• Your instructions: The expected output is the full set of entries, retyped verbatim, pictures excluded.

***** Data supplied

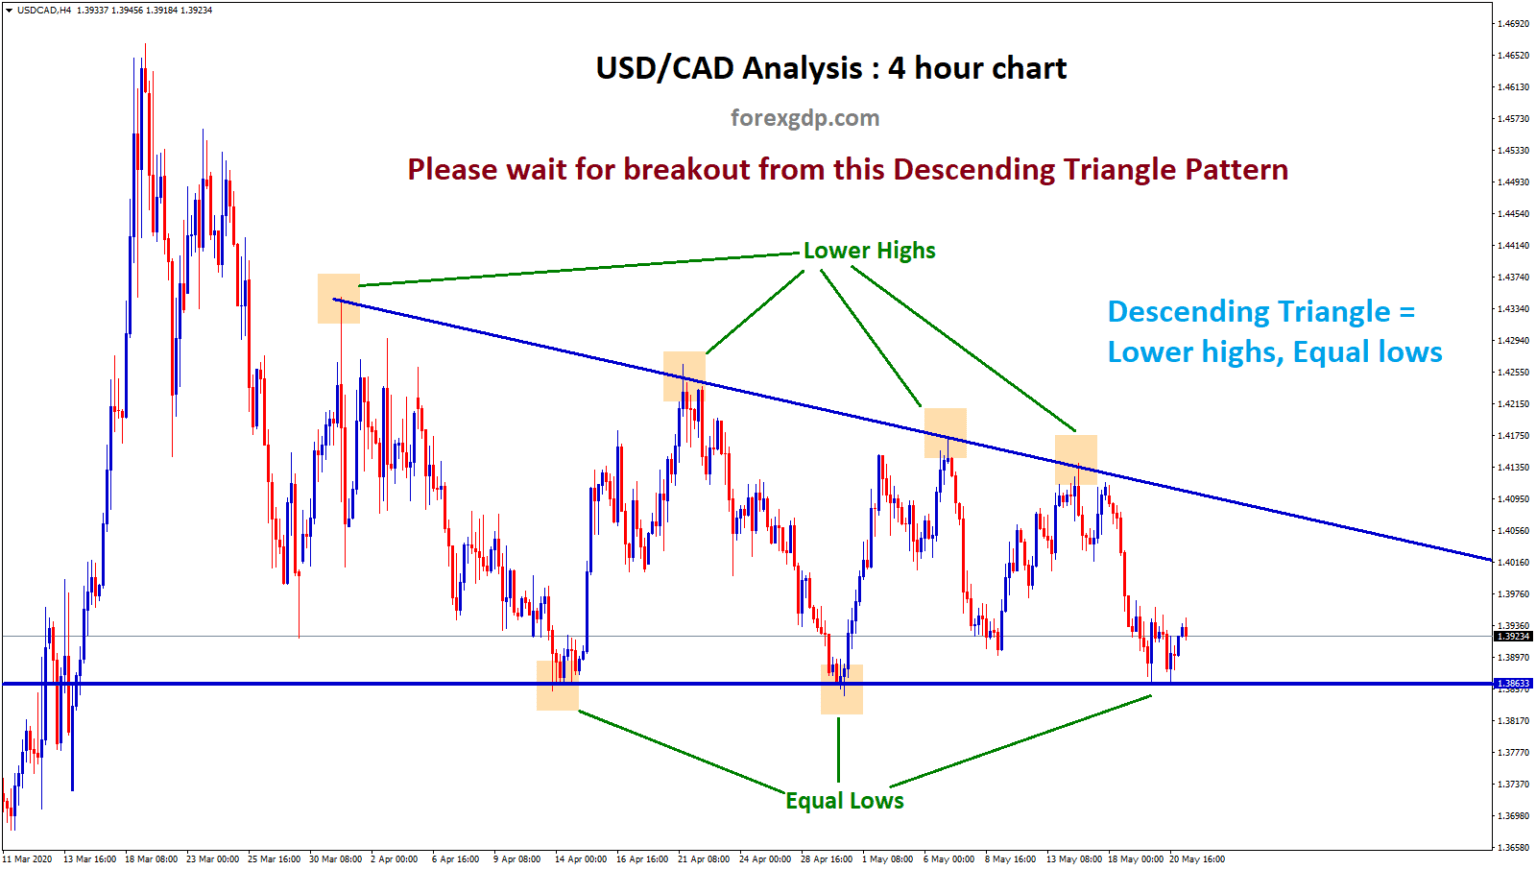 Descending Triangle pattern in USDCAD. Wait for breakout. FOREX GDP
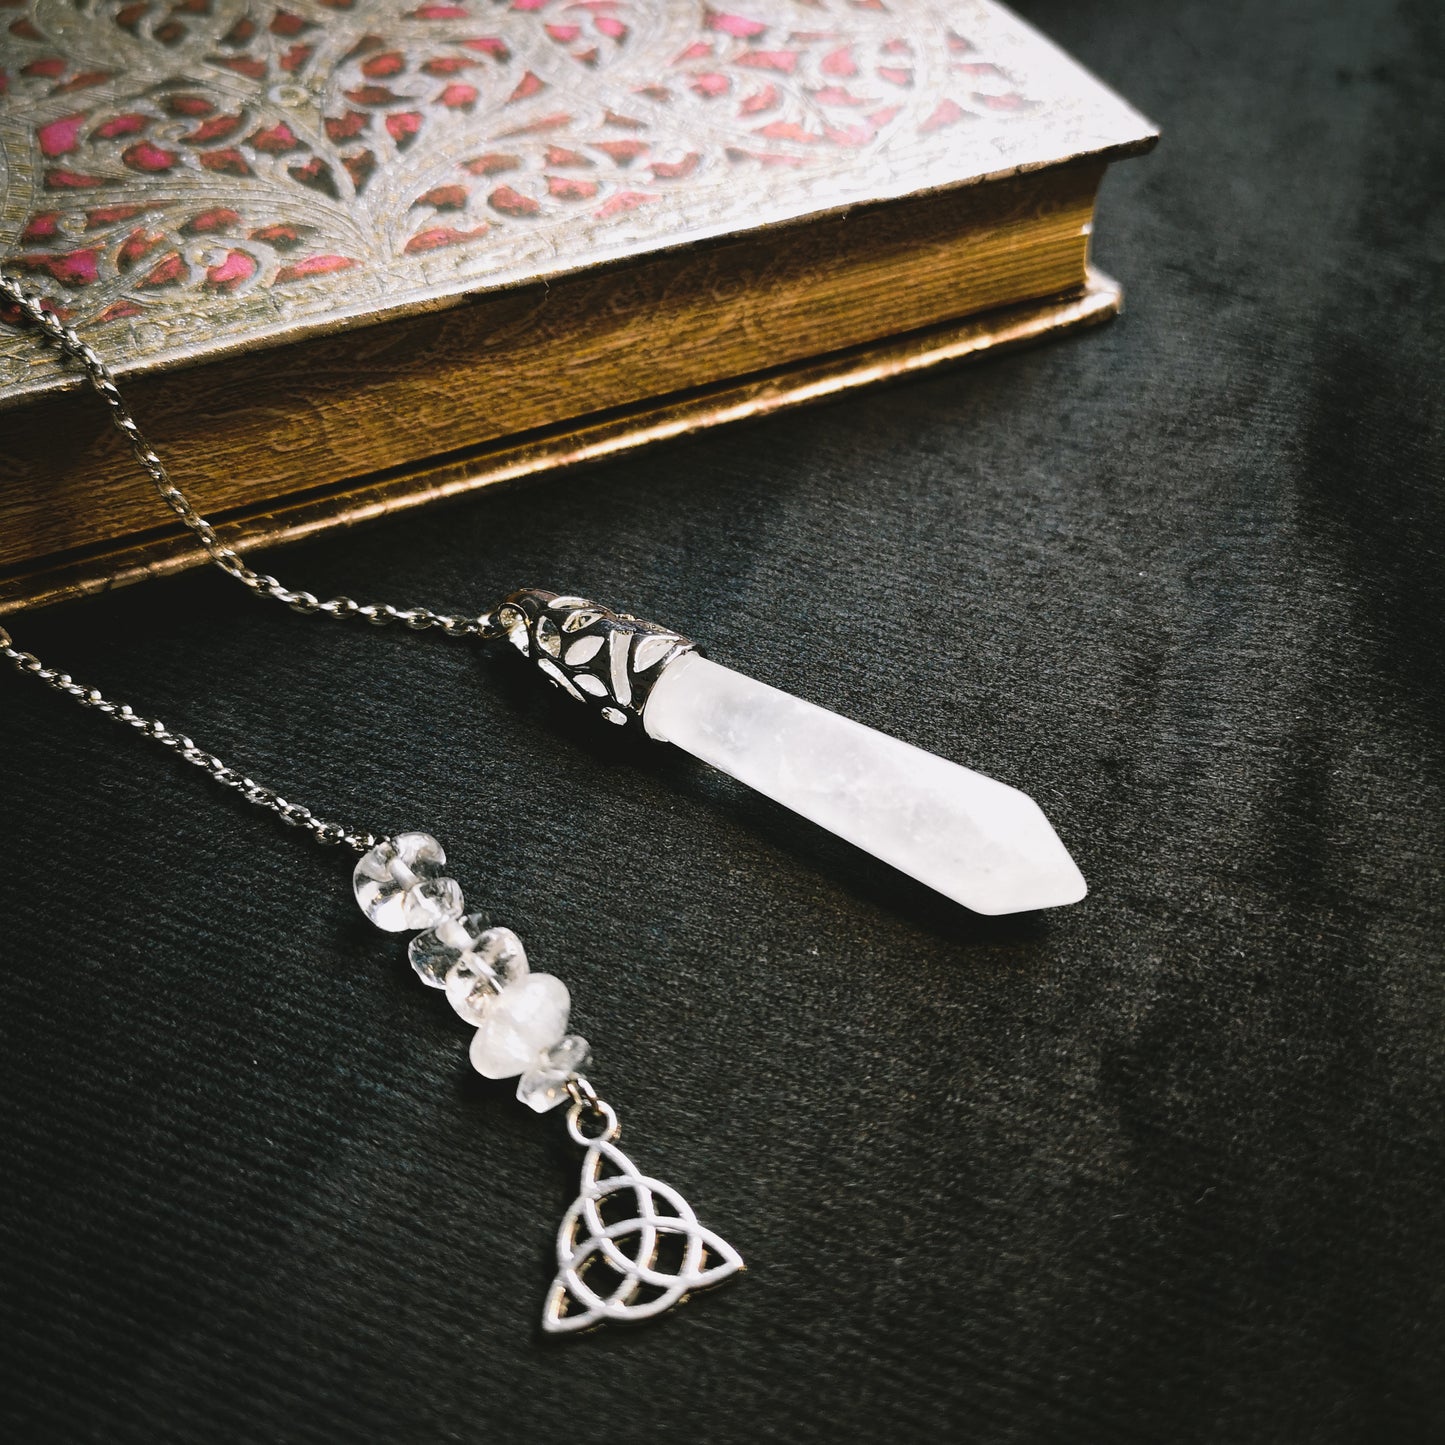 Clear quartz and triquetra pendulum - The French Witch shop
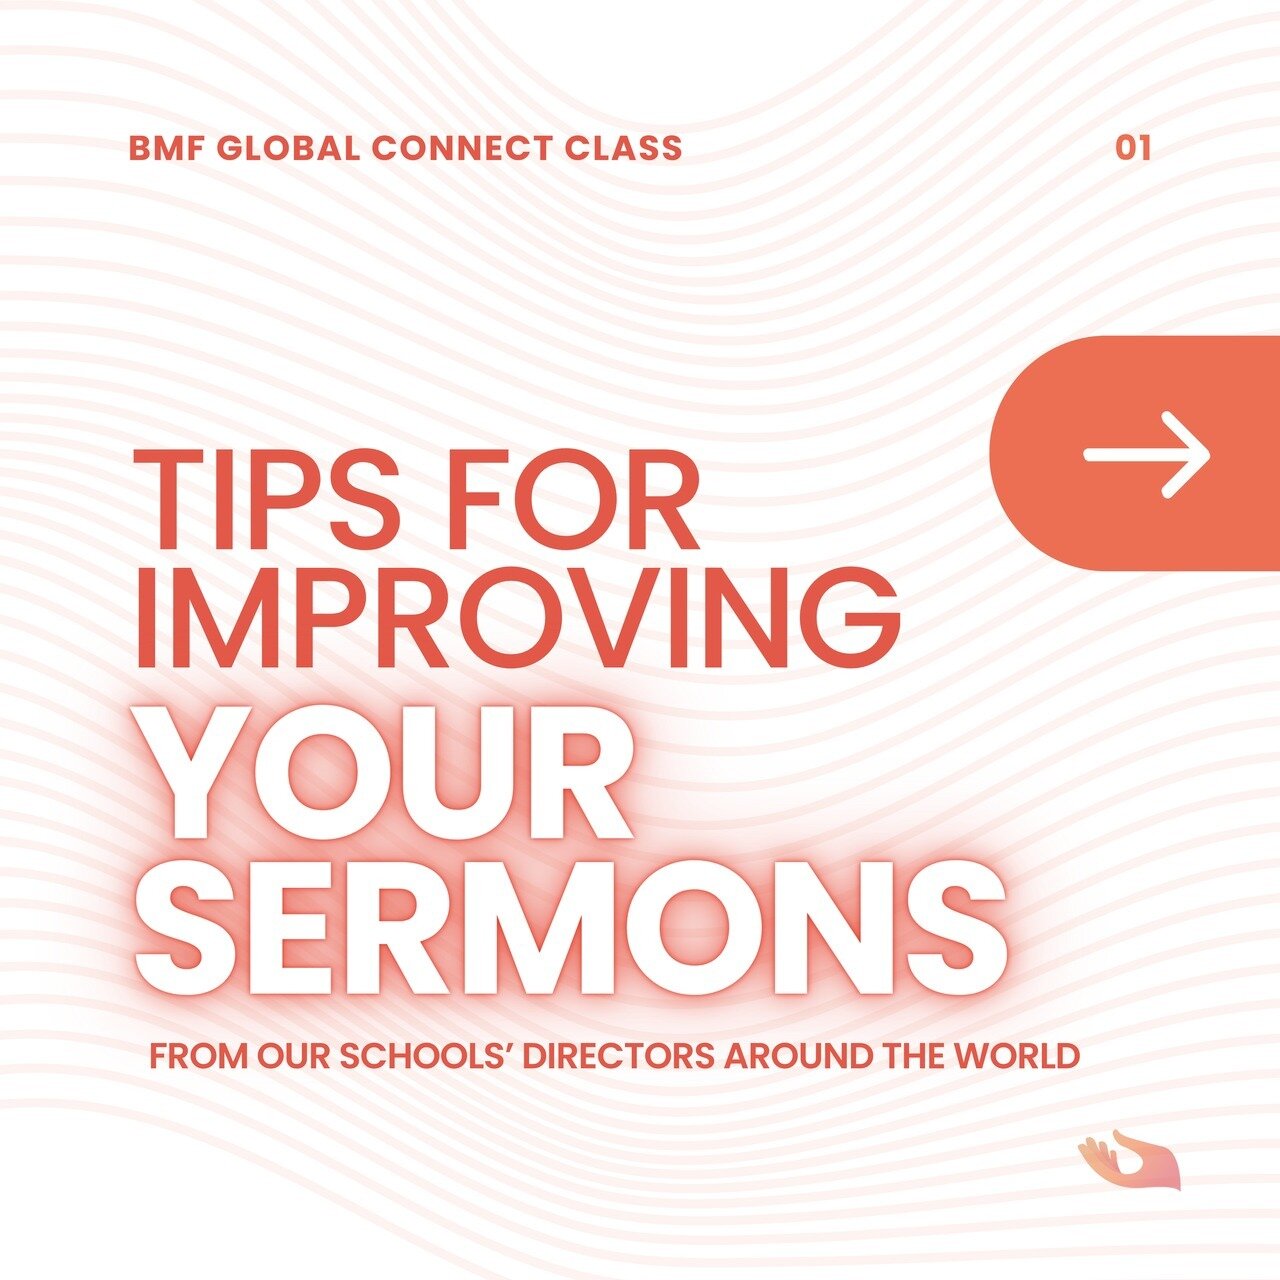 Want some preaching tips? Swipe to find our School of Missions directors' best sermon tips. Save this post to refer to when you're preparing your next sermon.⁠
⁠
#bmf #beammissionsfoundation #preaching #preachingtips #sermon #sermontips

**********

• Solved problem:
 Descending Triangle pattern in USDCAD. Wait for breakout. FOREX GDP
 Clear quartz and triquetra pendulum - The French Witch shop
 Want some preaching tips? Swipe to find our School of Missions directors' best sermon tips. Save this post to refer to when you're preparing your next sermon.⁠
⁠
#bmf #beammissionsfoundation #preaching #preachingtips #sermon #sermontips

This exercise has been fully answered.